Role of MicroRNAs in Biogenesis and Gene Expression


MicroRNAs (miRNAs) are basically a type of short (~22 nt) single strand RNA molecules predominantly shown in eukaryotes [1]. Most identified miRNAs showed evolutionary conservation throughout different species, some miRNAs even span both plants and animals and showed important and similar gene expression regulation pattern in different model species [2]. Another non-coding small RNA products called small interfering RNA (siRNA) showed similar to miRNA in biogenesis and downstream regulation. The processing of both miRNA and siRNAs are almost same mediated by Dicer and RISC, and the length are 21 to 23 nucleotides for siRNA and 18-25 nt for miRNA, generally. Unlike siRNA, which in general have perfectly complementarity to shut down gene expression. MiRNA, somehow, relies no so much perfect match to target its transcripts which makes it able to target a number of different transcripts. Another basic difference is siRNAs in general shut down gene expression at a post-transcriptional level through mRNA degradation, while miRNAs silence their target genes mainly through translational repression.

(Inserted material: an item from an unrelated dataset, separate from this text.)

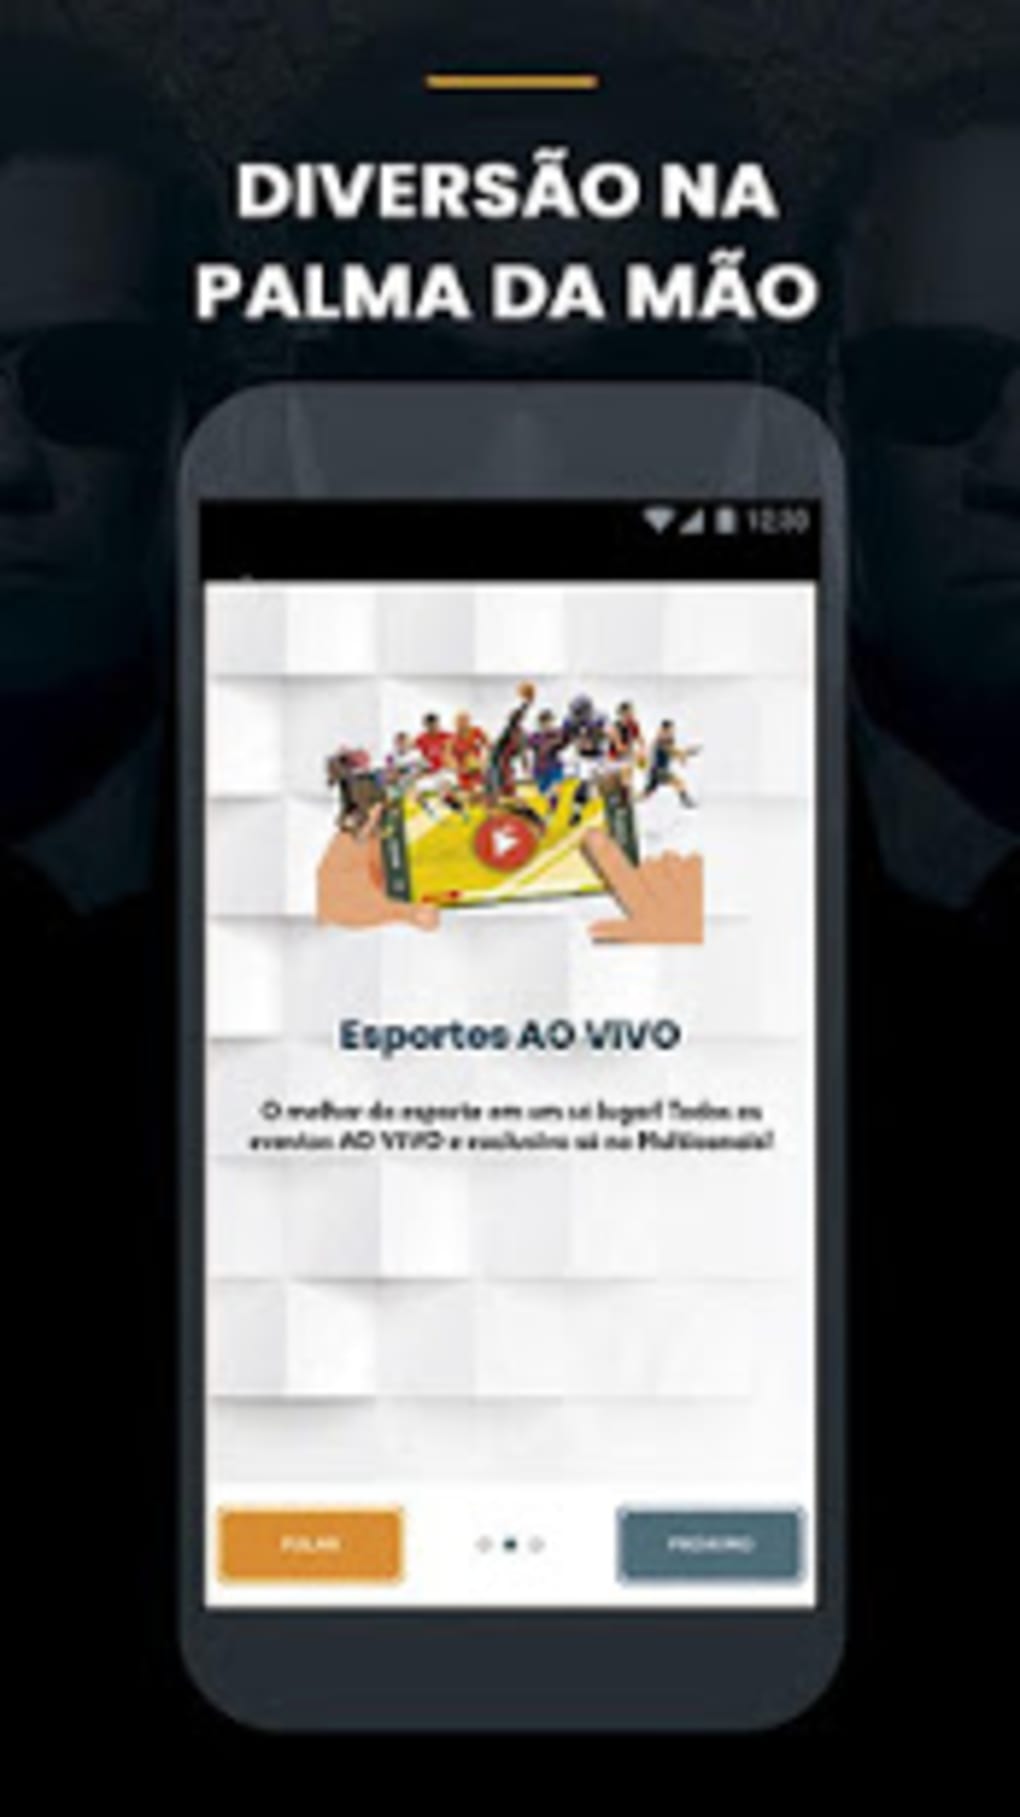 Multicanais TV  App Futebol Ao Vivo Grátis e Sem Anúncios
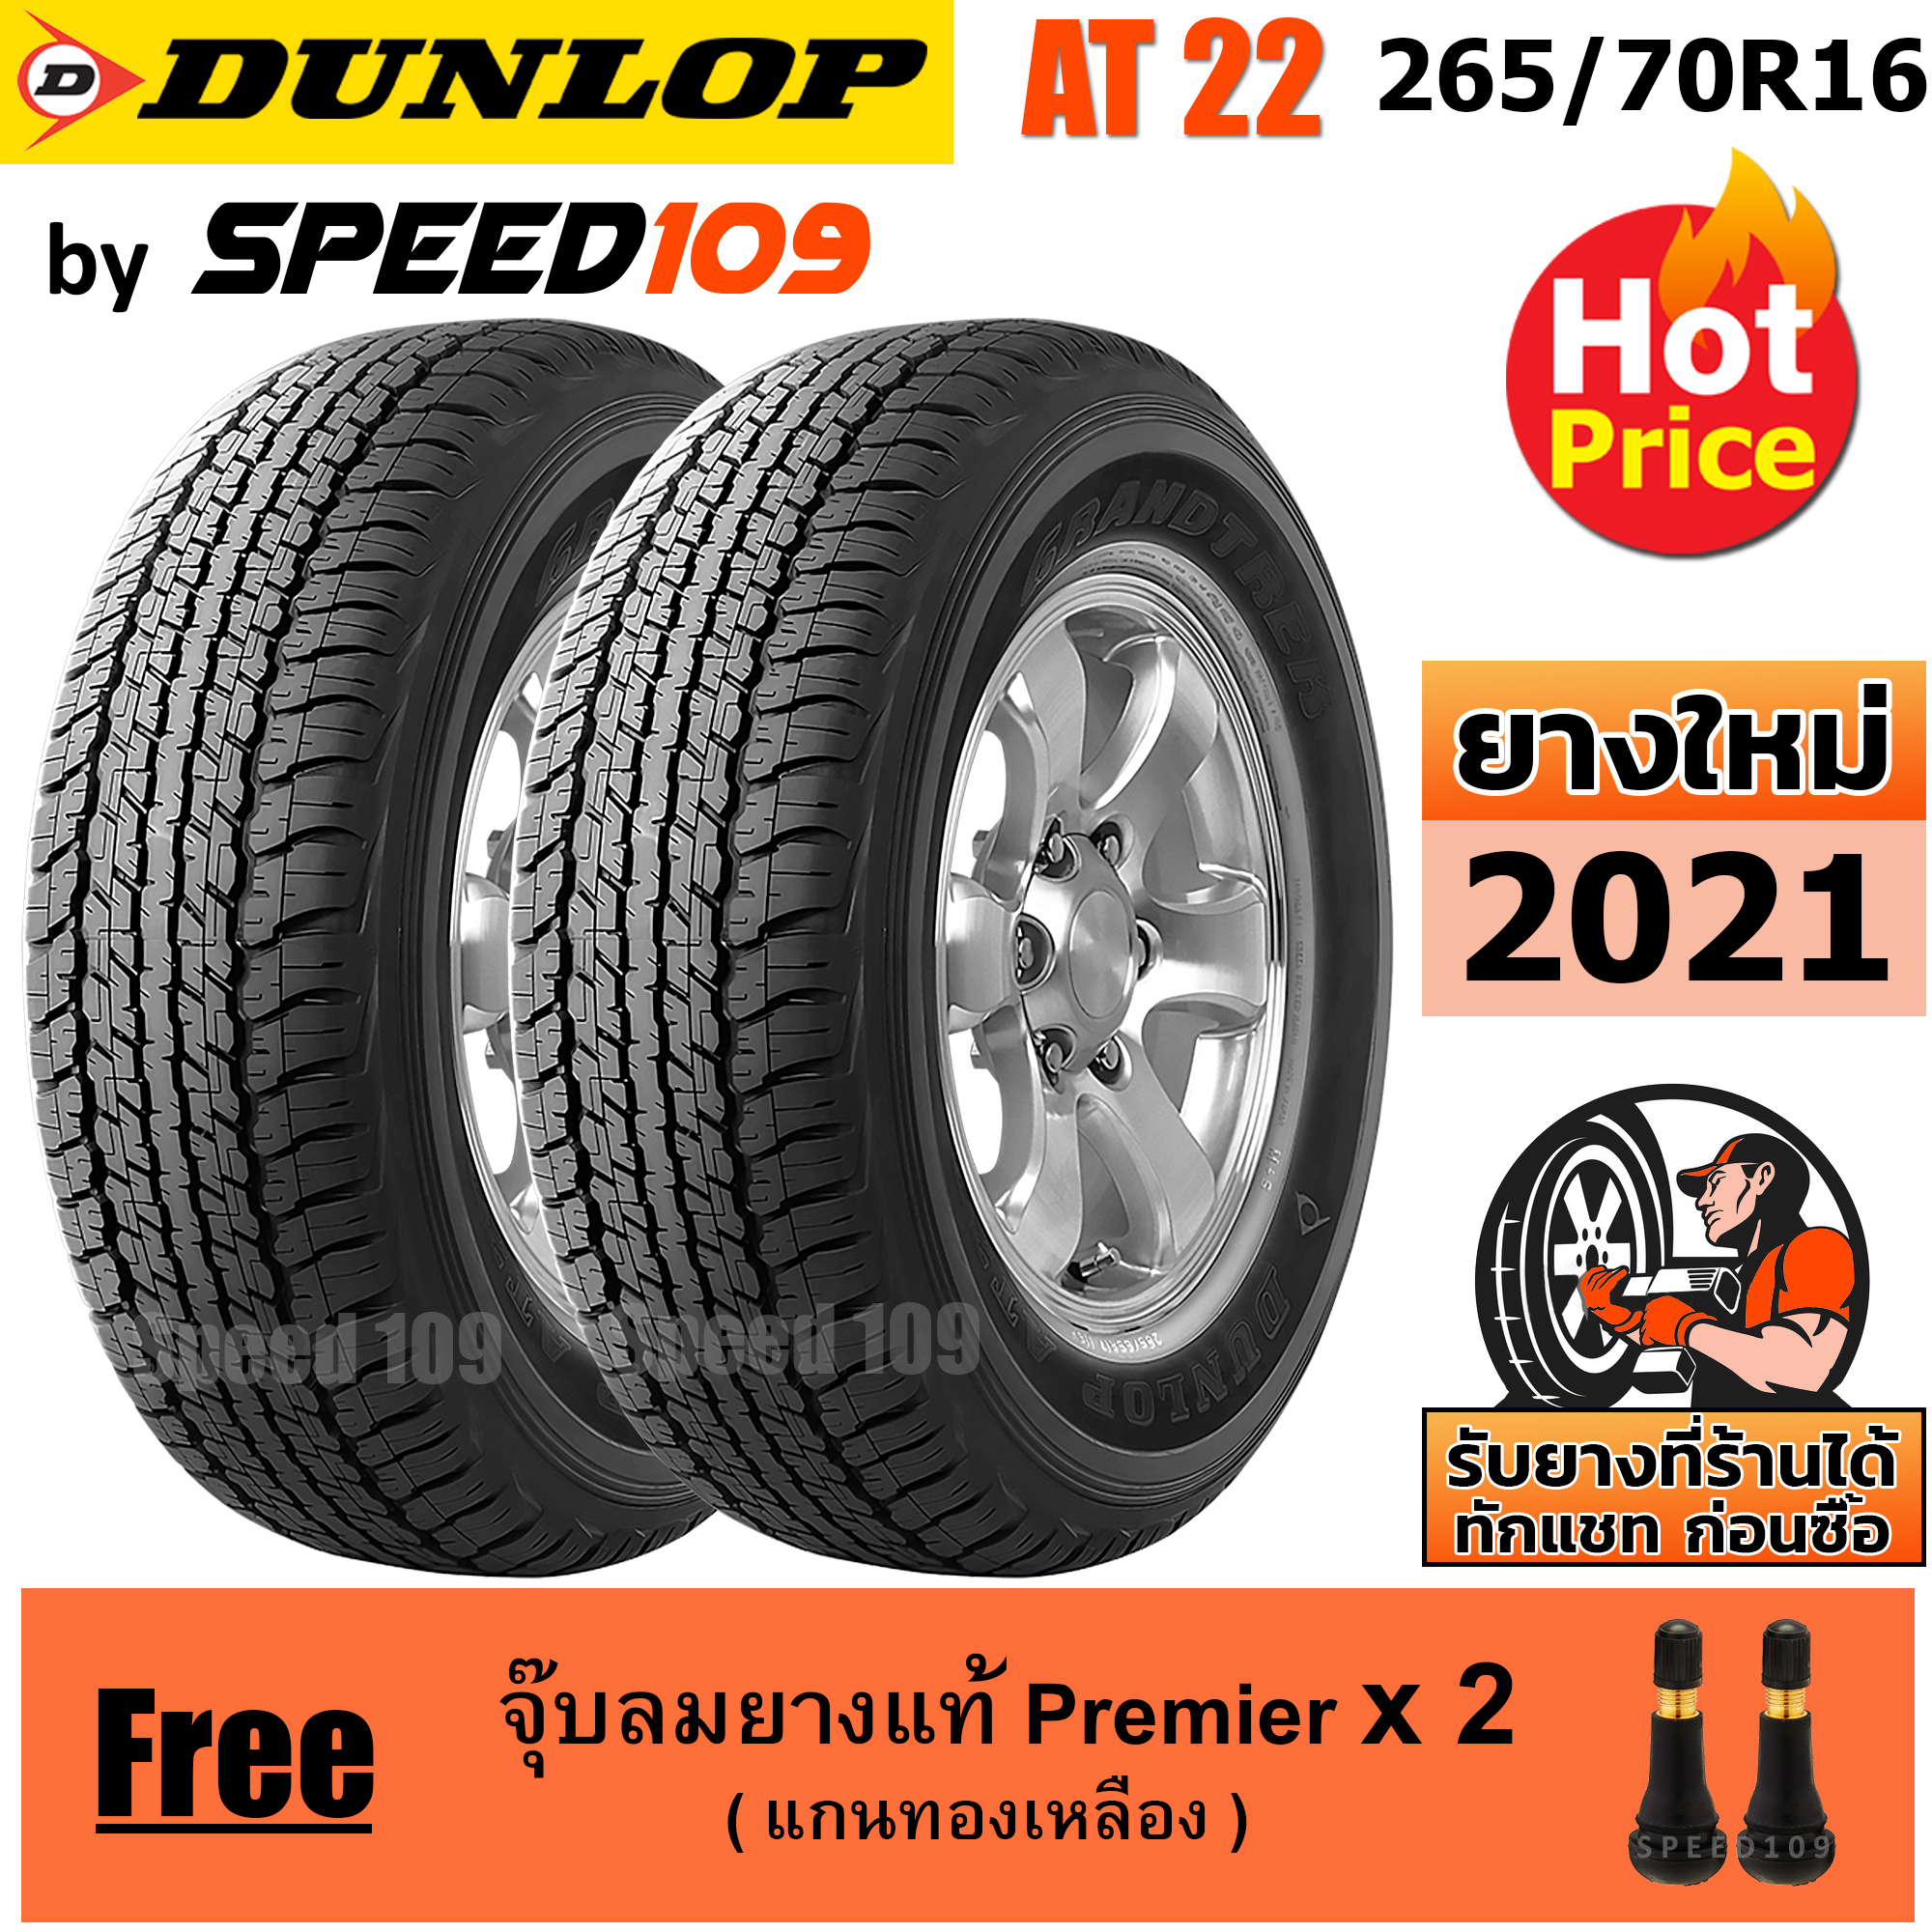 DUNLOP ยางรถยนต์ ขอบ 16 ขนาด 265/70R16 รุ่น Grandtrek AT22 - 2 เส้น (ปี 2021)

Based on the rapid breakthrough and findings in the past 20 years, many significant revelations have been reported in discovering miRNA biogenesis, target prediction and ab initio annotation. With the increasing development of the small RNA-sequencing (sRNA-seq) technology, thousands of plant microRNAs (miRNA) can be discovered with the high sequencing confidence, which provides an ebb of new data to analyze as well as a huge challenge for miRNA prediction and annotation. However, the miRNA annotation is still far from satisfaction. Here I review state of art miRNA discovery strategy and characterization methods that are suitable to plant genomic miRNA annotation and discuss the challenges for current novel miRNA annotation.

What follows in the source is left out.